Ксения удивлена. Удивление торит путь к глубинам, к самым основам ее души. Не скупясь придает она дрожь голосу, когда спрашивает:
- Когда же ты их написал, эти рассказы?
Сироткин одарил ее снисходительной улыбкой:
- Да вот, выкроил минутку-другую...
- Когда же?
- Все в последние месяцы, в последние дни... между делом.
- Трудолюбия не занимать?
- Что да, то да! Я готовил сюрприз, и даже благоверная ни о чем не подозревала... никто не знал, не догадывался. Скажу честно, издавать эту книжку я не предполагал и работал исключительно в свое удовольствие. А потом решился, да и мои ребята, Наглых с Фрумкиным, посоветовали, уговорили... Они на все смотрят глазами практиков, сквозь призму практического интереса, ну и рассказы, конечно, привлекли их внимание, они уловили дух, высоту качества. Я, Ксенечка, в каком-то смысле решился именно из-за тебя, из-за твоих несправедливых мыслей обо мне, хочу тебя переубедить, исправить... Это, согласен, тщеславие и гордыня, но если рассказы в самом деле удались, зачем же им зря пропадать?
Женщина поспешила со своим:
- А ребята и на прибыль уповают? Или у них это как бы вскрик благотворительности?
- Не знаю, как ребята, а я все это не ради денег делаю, их у меня, кстати сказать, куры не клюют... Я же богатый человек, состоятельный. Но в отношении этих рассказов у меня был только один соблазн - нравственного порядка.
- Работал... для славы?
Глаза у нее стали остренькими, въедливыми.

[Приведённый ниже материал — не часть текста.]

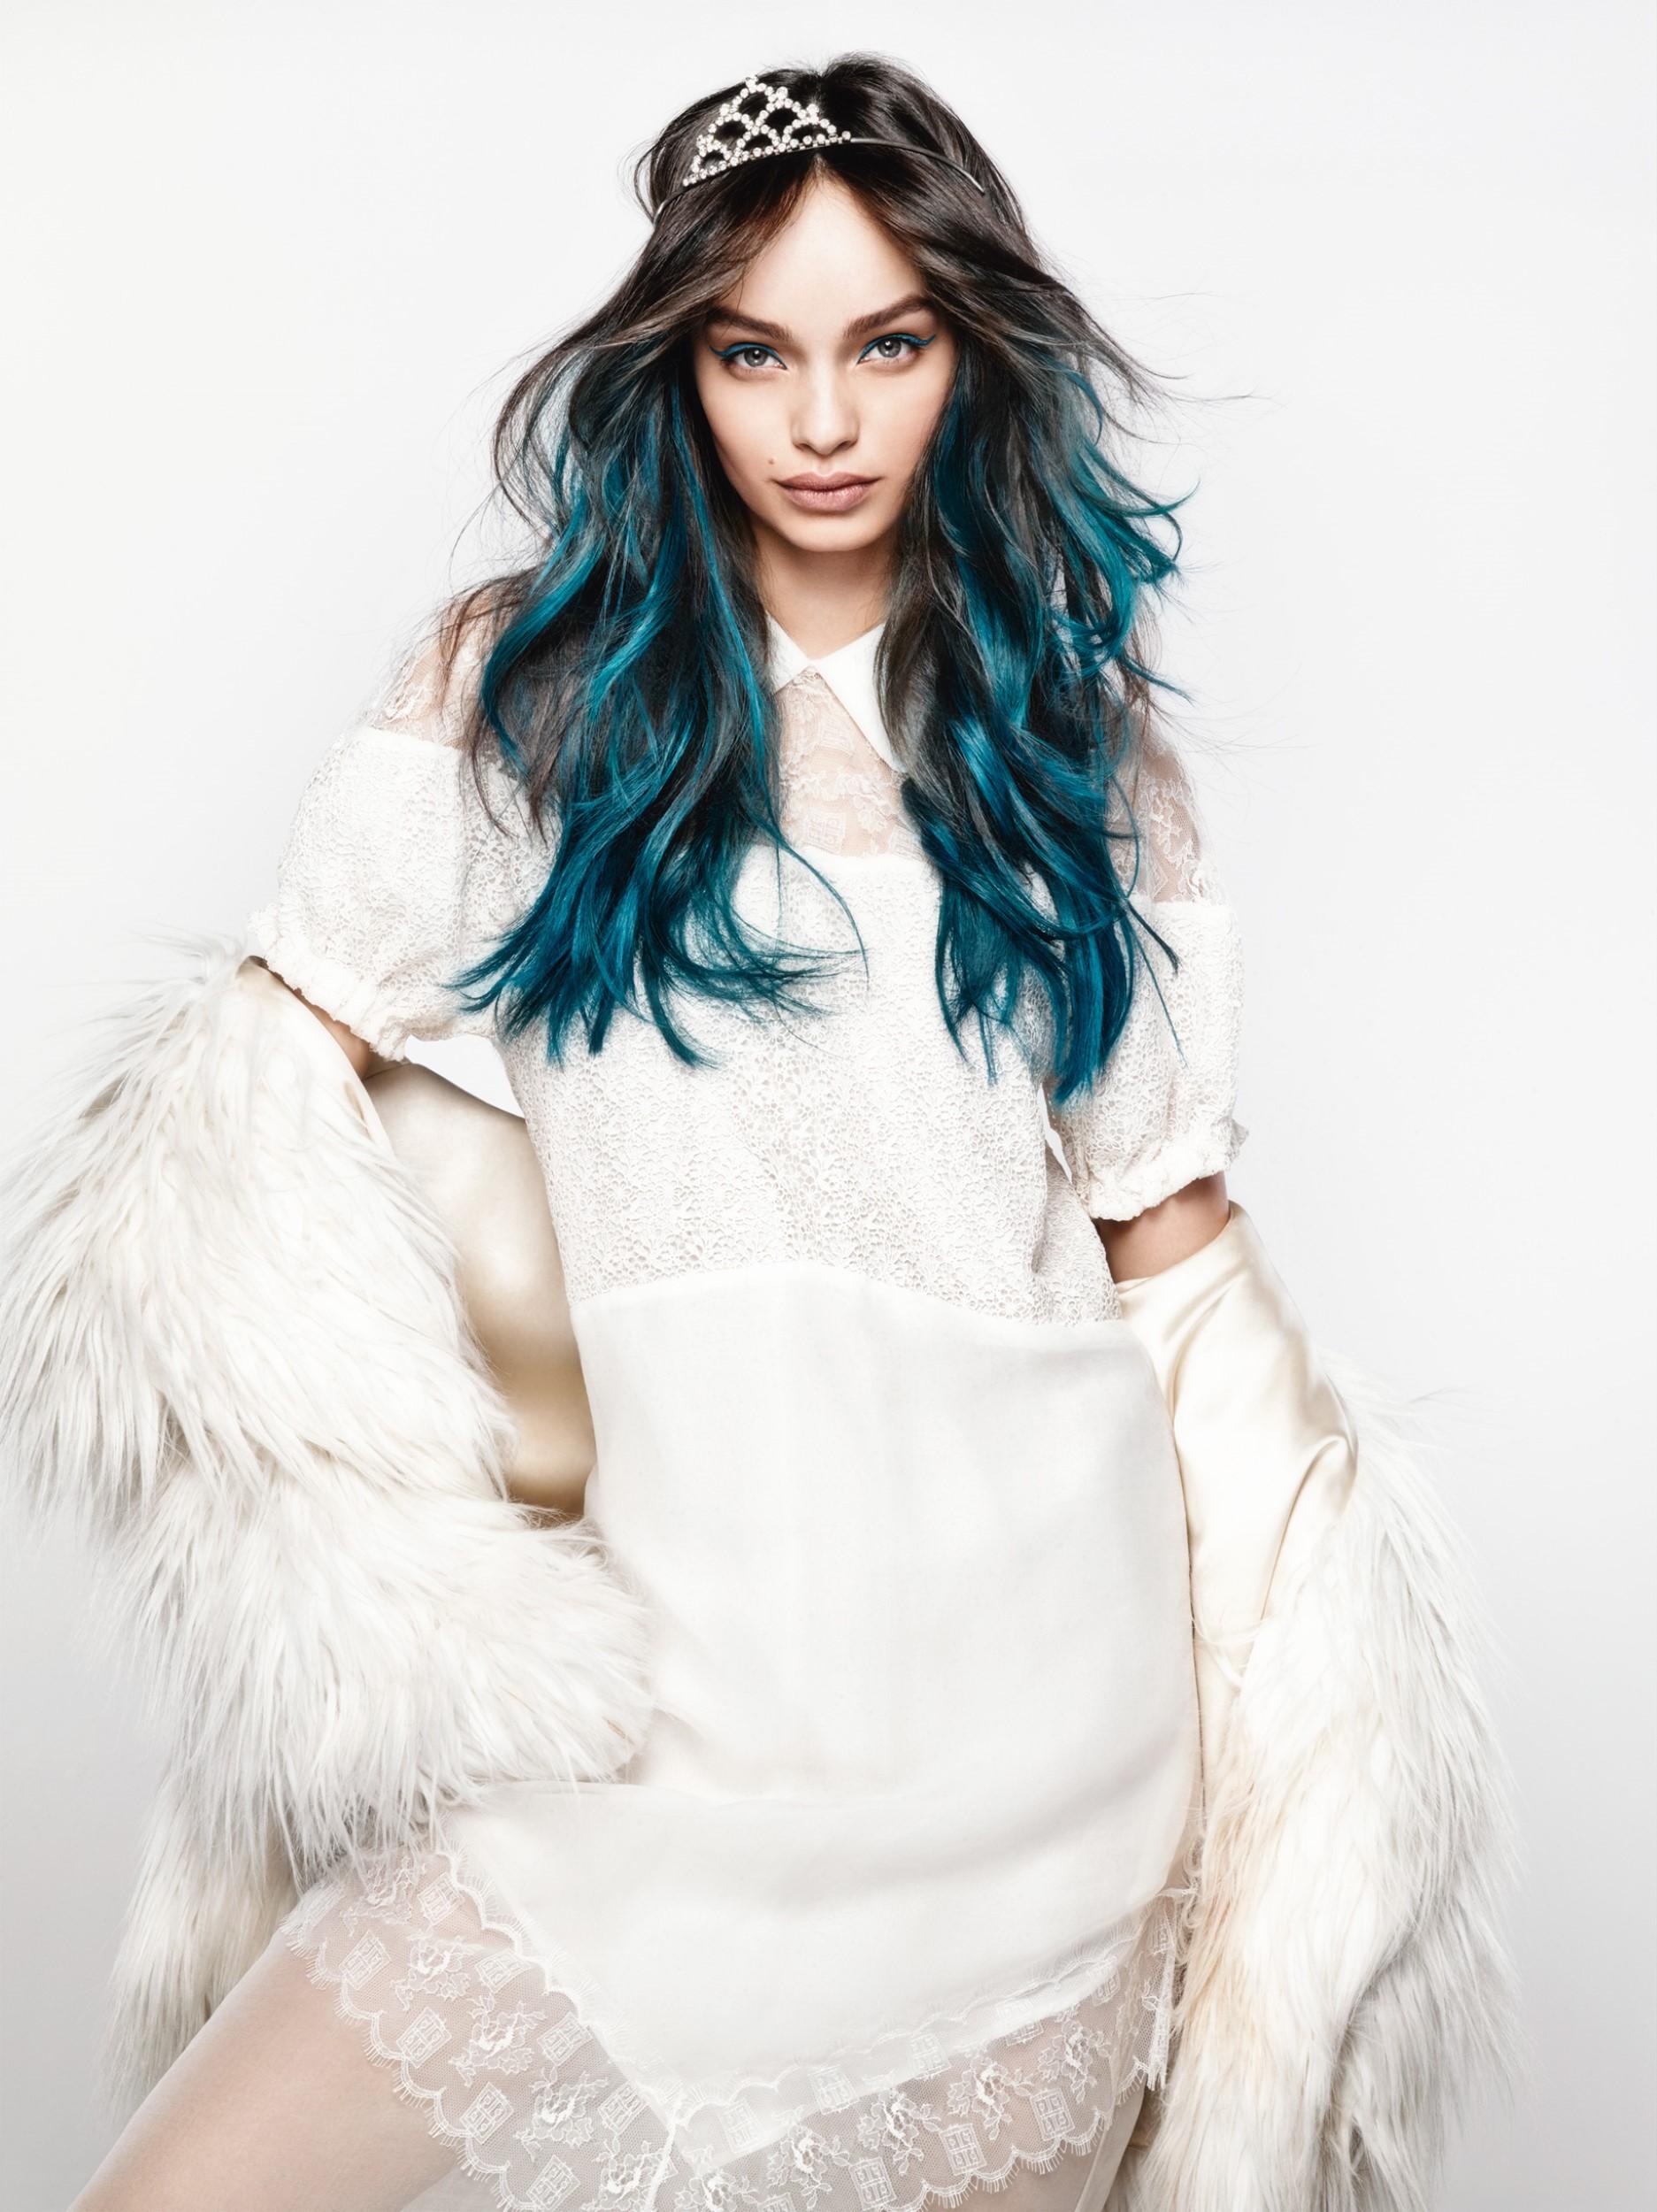 ספריי לשיער בצבעים נועזים קולוריסטה לוריאל פריז מחיר 34.90 שח צילום יחצ חול

- И не для славы, - благодушествовал Сироткин и не тужил, что ограбил умершего отца. - Вся моя слава - сложить трофеи к твоим ногам. А о литературных лаврах я пока не думаю.
- Но почему? - прищурилась и усмехнулась Ксения. - Все-таки я не понимаю, ради чего ты старался.
- Пусть время и талант сами работают на меня. А рваться только из-за того, что кто-то там опередил меня по части изящной словесности и отхватил награды, я не собираюсь, это было бы неправдой моей жизни, насилием над личностью. Я хочу, чтобы все было честно, и что сумею, то я возьму. Я пришел в литературу не тягаться с другими, не соперничать, а спокойно и по мере возможности делать свое дело, а как меня оценят критики и что на мой счет рассудит впоследствии история, это для меня вопрос второстепенный. Уж не воображаешь ли ты, что я сплю и вижу, как переплевываю твоего муженька? Это было бы смешно, поверь. Я принесу их тебе, мои рассказики, книжки-то не обязательно ждать. Почитаешь... Может быть, ты поймешь, что судила обо мне и, кажется, даже до сих судишь предвзято...
***
Ксения вынесла свой приговор: рассказы, в общем и целом, так себе, весьма среднего уровня, но для Сироткина хороши. Такая характеристика задела автора за живое, суждение читательницы показалось ему плоским и поверхностным в сравнении с самим предметом критики, не говоря уже о той бездне падения и страдания, в которую он окунулся собственной, не чуждой литературы персоной, добывая - и ведь ради нее, единственной, желанной! эти рассказы. Ксения разъяснила: не отнесешь же их к разряду настоящей литературы, это было бы уже слишком! - но ничего обидного, принижающего заслуги автора в ее рассуждениях нет, поскольку она говорит в конечном счете не столько о художественных достоинствах сборника, сколько о моральной стороне дела, этой свалившейся как снег на голову публикации. И в этом смысле рассказы чудо как хороши. Речь идет о нравственной состоятельности автора, и скоро, как только книжка выйдет в свет, читатель получит очередного приятного незнакомца, скрывающегося за типографской роскошью страниц, а те, кто давно знают Сироткина и в последнее время потеряли веру в него, убедятся, что деньги еще не вполне сгубили его, что его душа по-прежнему жива и не без некоторого достоинства держится на плаву.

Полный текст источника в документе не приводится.